WASHINGTON -- As deepwater drilling returns from a months-long hiatus in the Gulf of Mexico, the protections that Congress drew up to help victims of oil spills remains stuck in legislative limbo with no clear or likely path to passage.
The Obama administration announced on Monday that it would allow 13 companies to resume deepwater drilling, which it had suspended in May during the massive BP oil spill that followed the Deepwater Horizon's April 20 explosion.
Administration officials categorized the move, which would affect a total of 16 Gulf-area wells, as a logical step for a drilling industry suffering under the ban. All the wells had been operational before the Deepwater Horizon explosion. Moreover, the affected companies would have to comply with new safety rules, though not new environmental reviews.
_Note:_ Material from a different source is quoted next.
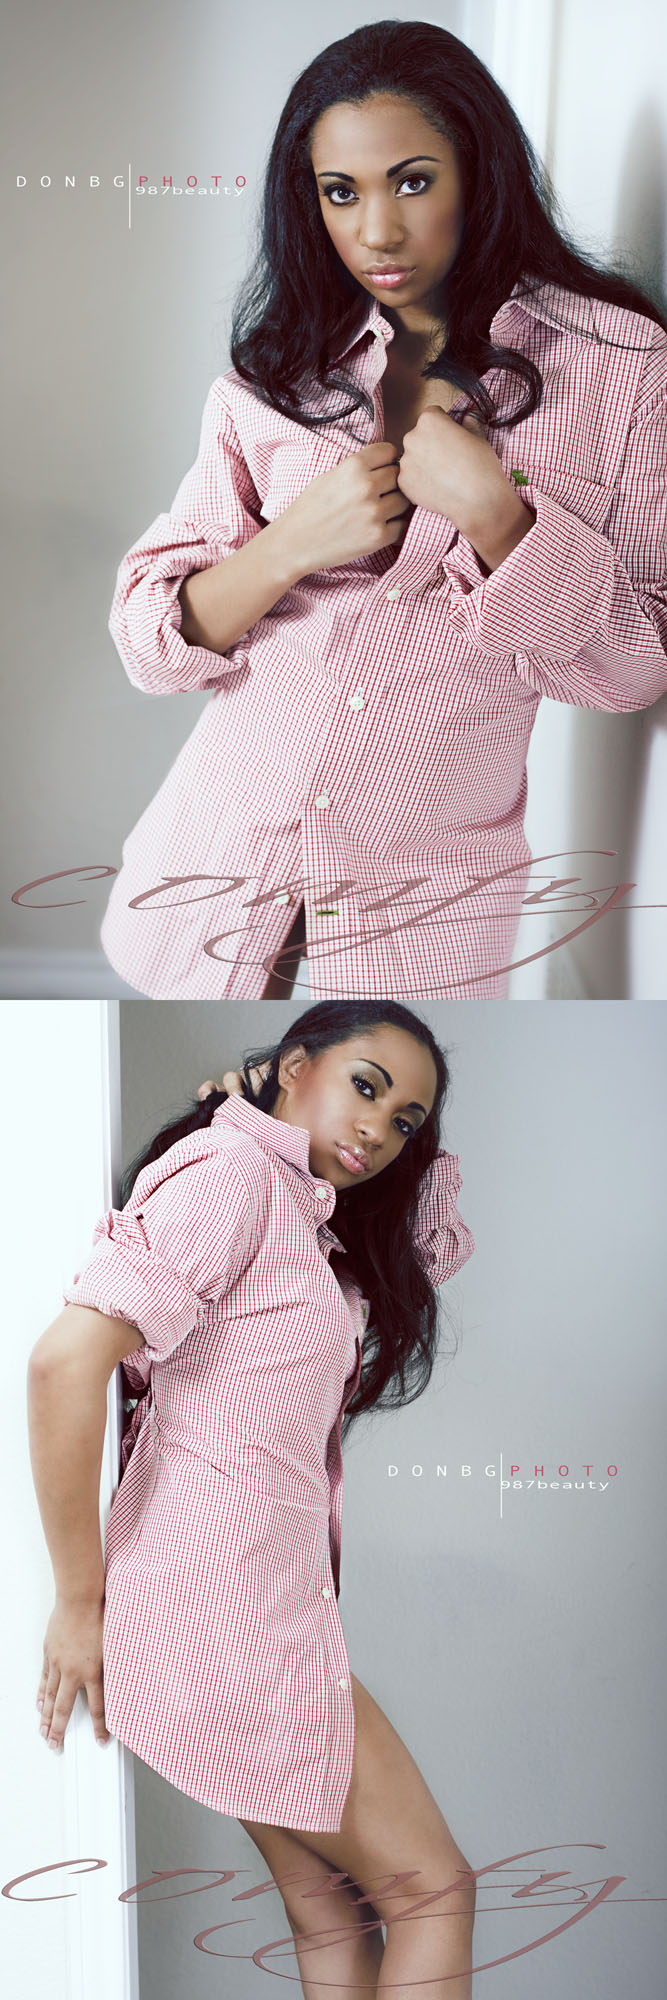 Female model photo shoot of CreoleMix by DONBG in texas, makeup by 987Beauty

"Safety is our top priority and the administration has already taken unprecedented steps to increase oversight and safety of offshore drilling," White House spokesman Clark Stevens said. "Any offshore drilling taking place in the United States must meet the rigorous new safety standards put in place since the BP Deepwater Horizon oil spill."
But while the oil and drilling industry was getting back to business, consumer advocates, legal experts and Hill lawmakers were airing concerns that Congress had essentially abandoned its efforts to improve protections and compensation for spill victims.
The major piece of legislation that Democrats drew up in response to the BP crisis has yet to pass the Senate, meaning that if another spill were to occur in the Gulf, the total compensation for economic damages would remain at a paltry $75 million.
"When you consider the risk that offshore drilling poses to our coastal economies and environment, the current cap on oil-company liability is just a spit in the ocean that does nothing to hold them accountable," said Sen. Frank Lautenberg (D-N.J.) one of the chief advocates of eliminating a cap on economic-damage liability for oil companies.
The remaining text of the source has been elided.